The Key
- First edition (Swedish)
- Author: Mats Strandberg and Sara Bergmark Elfgren
- Original title: Nyckeln
- Language: Swedish
- Series: The Engelsfors Trilogy
- Genre: Young adult fiction, Urban fantasy, Horror
- Publisher: Rabén & Sjögren (Swedish), Random House (English)
- Publication date: 30 October 2013
- Publication place: Sweden
- Media type: Print (Paperback and hardback)
- ISBN: 978-1468306736 (hardcover)
- LC Class: PZ7.E386 Ke
- Preceded by: Fire

= The Key (Elfgren and Strandberg novel) =

2013 novel by Sara Bergmark Elfgren and Mats Strandberg

The Key (Swedish title Nyckeln) is the third and final part of Engelsfors, the young adult fantasy novel trilogy.

==Plot==
After the battle in the gymnasium hall, the Chosen Ones are not sure how to handle the death of Ida.

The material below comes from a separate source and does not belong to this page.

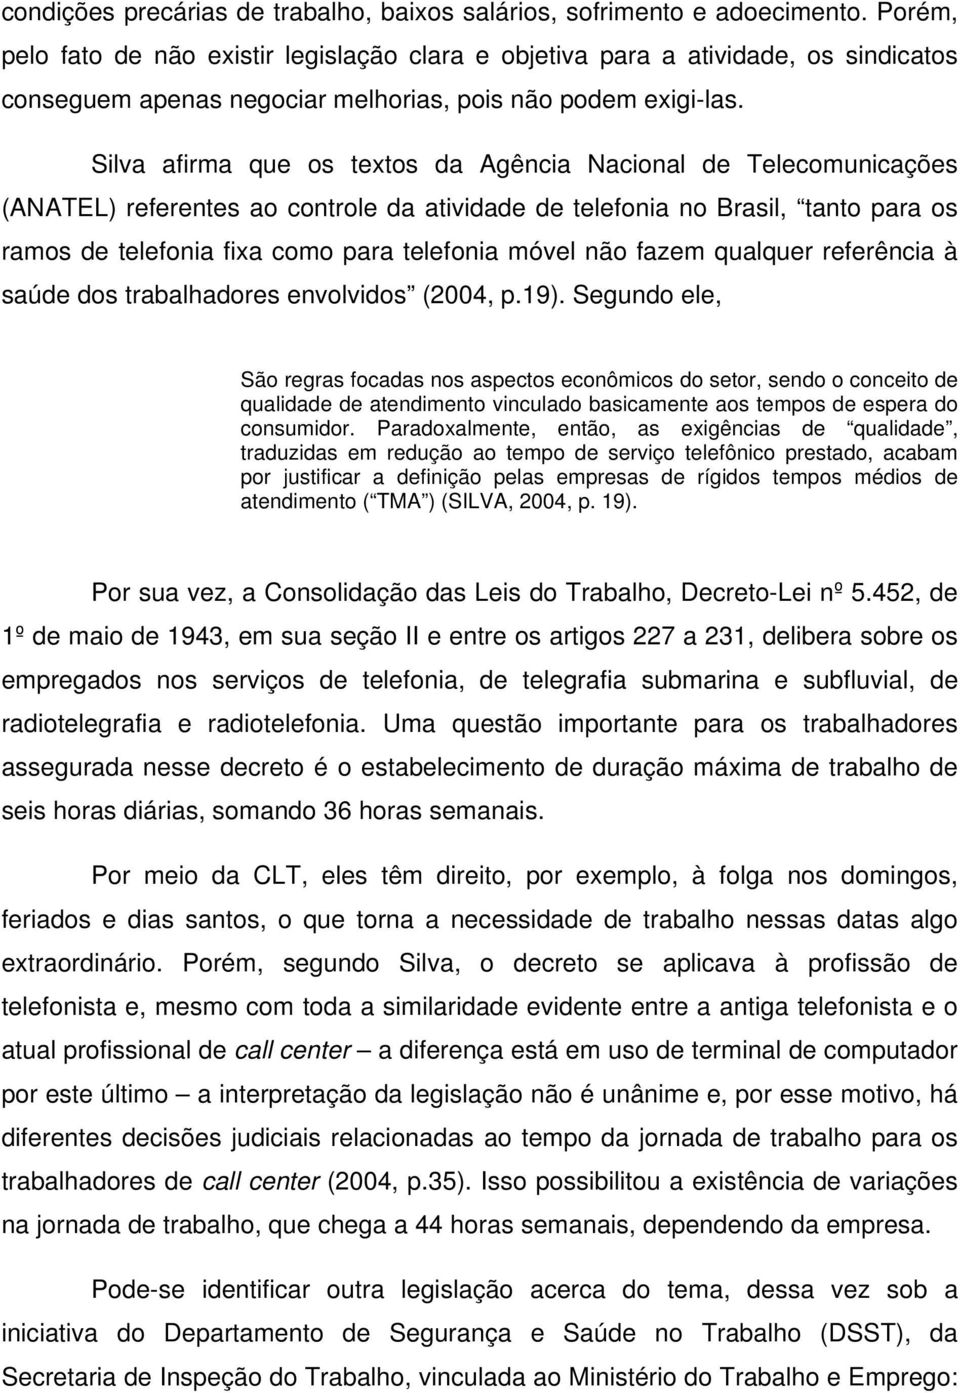 Silva afirma que os textos da Agência Nacional de Telecomunicações (ANATEL) referentes ao controle da atividade de telefonia no Brasil, tanto para os ramos de telefonia fixa como para telefonia móvel

Unbeknownst to them, Ida is trapped with Matilda in the Borderland between life and death. After Viktor begged Minoo to save his sister Clara, the leader of the council's Swedish division, Walter, has realised Minoo's potential as a valuable pawn. The Chosen Ones that are still alive have no chance to recover, and no choice but to rally together to try to prevent the apocalypse — even while their personal dramas threaten to tear them apart.